Читать интересную книгу Подмены - Григорий Ряжский

Шрифт:

-
+

Интервал:

-
+

Закладка:

Сделать
1 ... 76 77 78 79 80 81 82 83 84 ... 86

– Так, погоди, погоди, – снова насупился ефрейтор, уже начавший что-то соображать, – а при чём еврейские матеря-то? Ты сам-то кто? Тоже от них образовался, что ли?

– Я – Грузинов! – с негодованием в глазах резко отбился я. – Сами знаете, откуда мы образовались. И это – прежде всего, остальное всё – вспомогательное, неважное, пустое. Суффиксы там или предлоги разные. Мой предок, между прочим, донской казак был, офицер казачьего лейб-гвардии полка. Герой двух войн, кресты имел, полный набор. Грузинов Пётр Константинович. И прабабушка по материнской линии, Анастасия Григорьевна Грузинова, всю свою жизнь до брака с дедушкой в Воркуте прожила, в семье сосланных. Там, чтоб вы знали, вообще никакие евреи не проживают и никогда не жили. Там для них климат неподходящий, ни по свету, ни по теплу.

– Во-во, – нехорошо ухмыльнулся первый «дед», – нашему, значит, Ванькý можно: ему что день, что ночь по полгода в году, без разницы. А эти, значит, неприспособленные, этим условия подавай! И чтоб на рояльке играть, а уголёк пускай другие для них добывают, кто не такой мерзлявый.

Я невольно напрягся и несогласно мотнул головой, желая вмешаться в такой бессовестно-нечестный расклад, но «дед» отмахнулся, не дав мне говорить, и продолжил свою не завершённую пока что версию.

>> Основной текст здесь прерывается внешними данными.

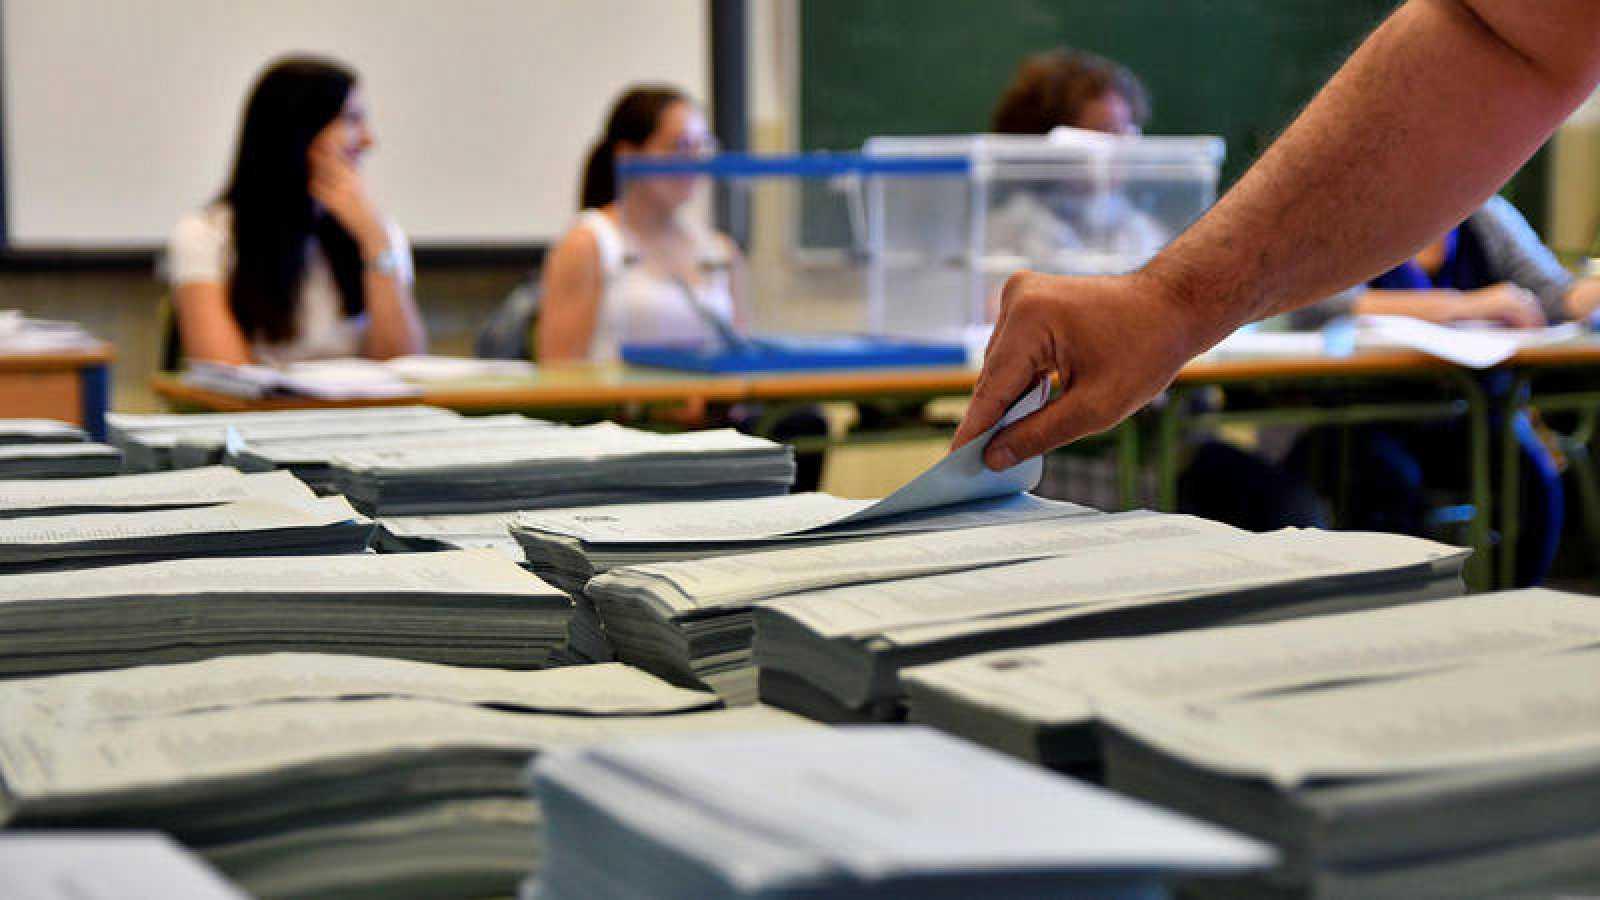 La participación de este 26 de mayo representa el sexto dato más alto en la historia electoral desde 1979.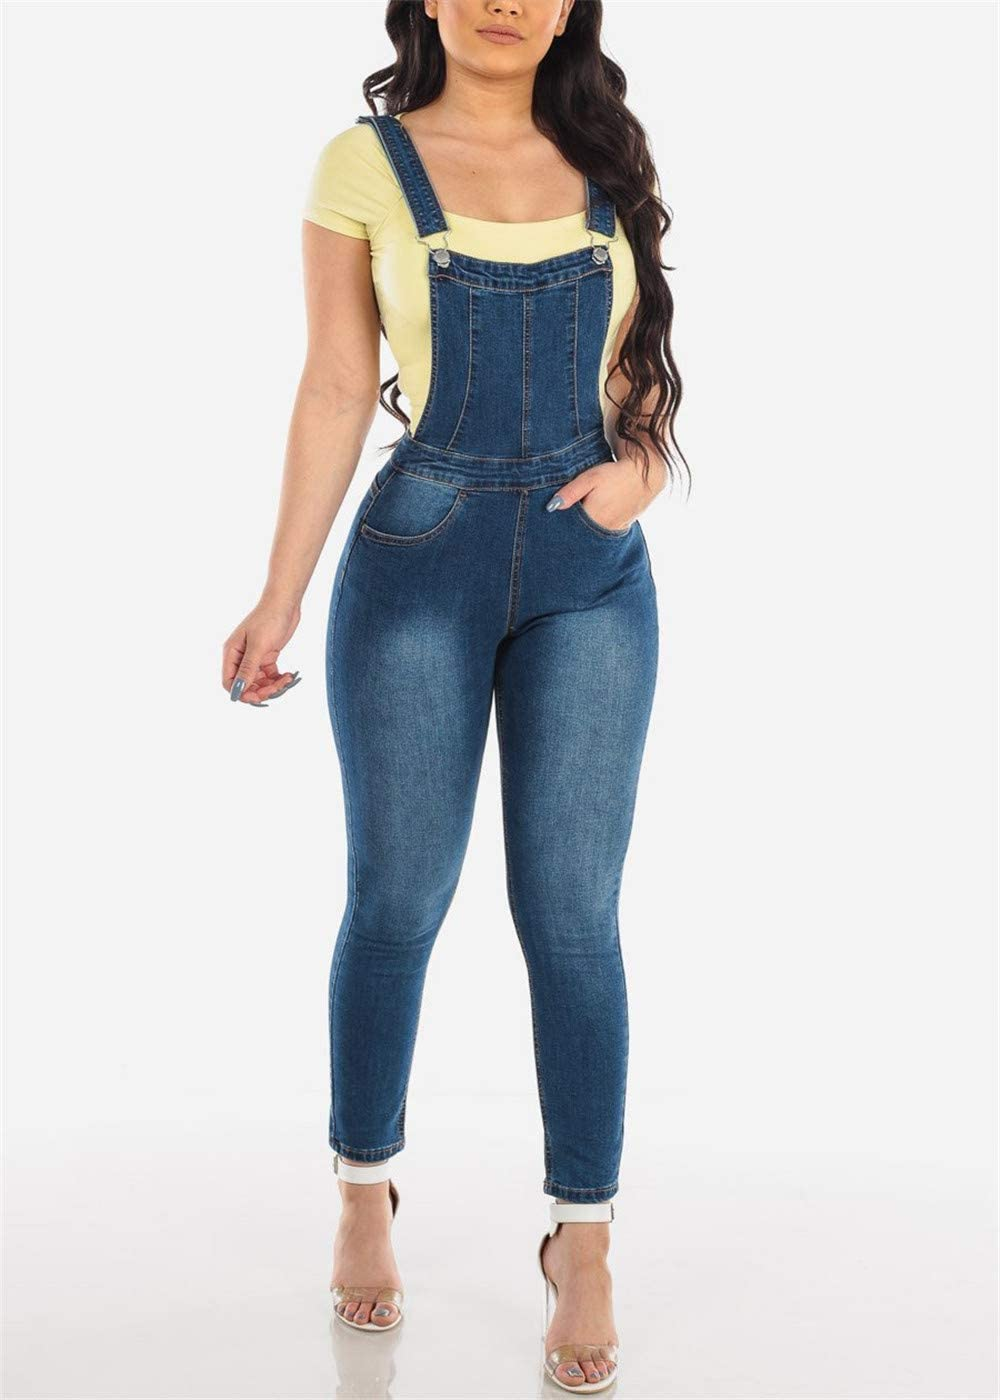 S,Blanc Morbuy Casual /Ét/é Trou Denim sans Manches Jumpsuit Poches Pantalon Playsuit Barboteuses Salopette Femme en Jeans Combinaison Courte

– Вот ты говоришь, в лейб-полку служил, этот твой казак, а у меня, к примеру, в училище, когда ещё не выперли, замзав по воспитанию имелся, тоже лейб. Лейба Маркович. Если по паспорту. А на словах – Лёва, ровно как батя твой. Сука редкая, хоть и партийный и все дела при нём. За советскую власть больно агитировать любил, газеты резал, да всё на доску, помню, клеил без укороту – статейки про то, про сё, про урожаи разные, про совесть всякую, про нехорошие случаи различные. А после – оп-па! – и пропал, совсем. А после сказали, в Израи́ль укатил, безвозвратно. Разом. А перед этим жильё своё в самом центре Брянска поменял на комнатуху в коммуналке, с приплатой. Чтоб довесок иметь и в ихние шекеля́ после обратить. И до той поры – никому ни слова. Тайничал, падла. А кому – заплатил. Только потом инструмент с кабинета труда не обнаружился, тонкий, доводочный, где всегда хранился. Тоже полный набор, как твои кресты. Спёр, гад, с собой прихватил до кучи. А вывески газетные после него ещё с год или около того висели, никому оно больше было не надо херню эту приклеивать, сечёшь? Вот тебе и совесть и всё остальное вместе с ней! – Он снова нехорошо улыбнулся, но уже совсем криво. И пояснил свой интерес: – Так я и говорю, Гарь, не с того ли самого полка он к нам прибыл, хорошо б понять, а? И не в него ли обратно с нашим инструментом убыл?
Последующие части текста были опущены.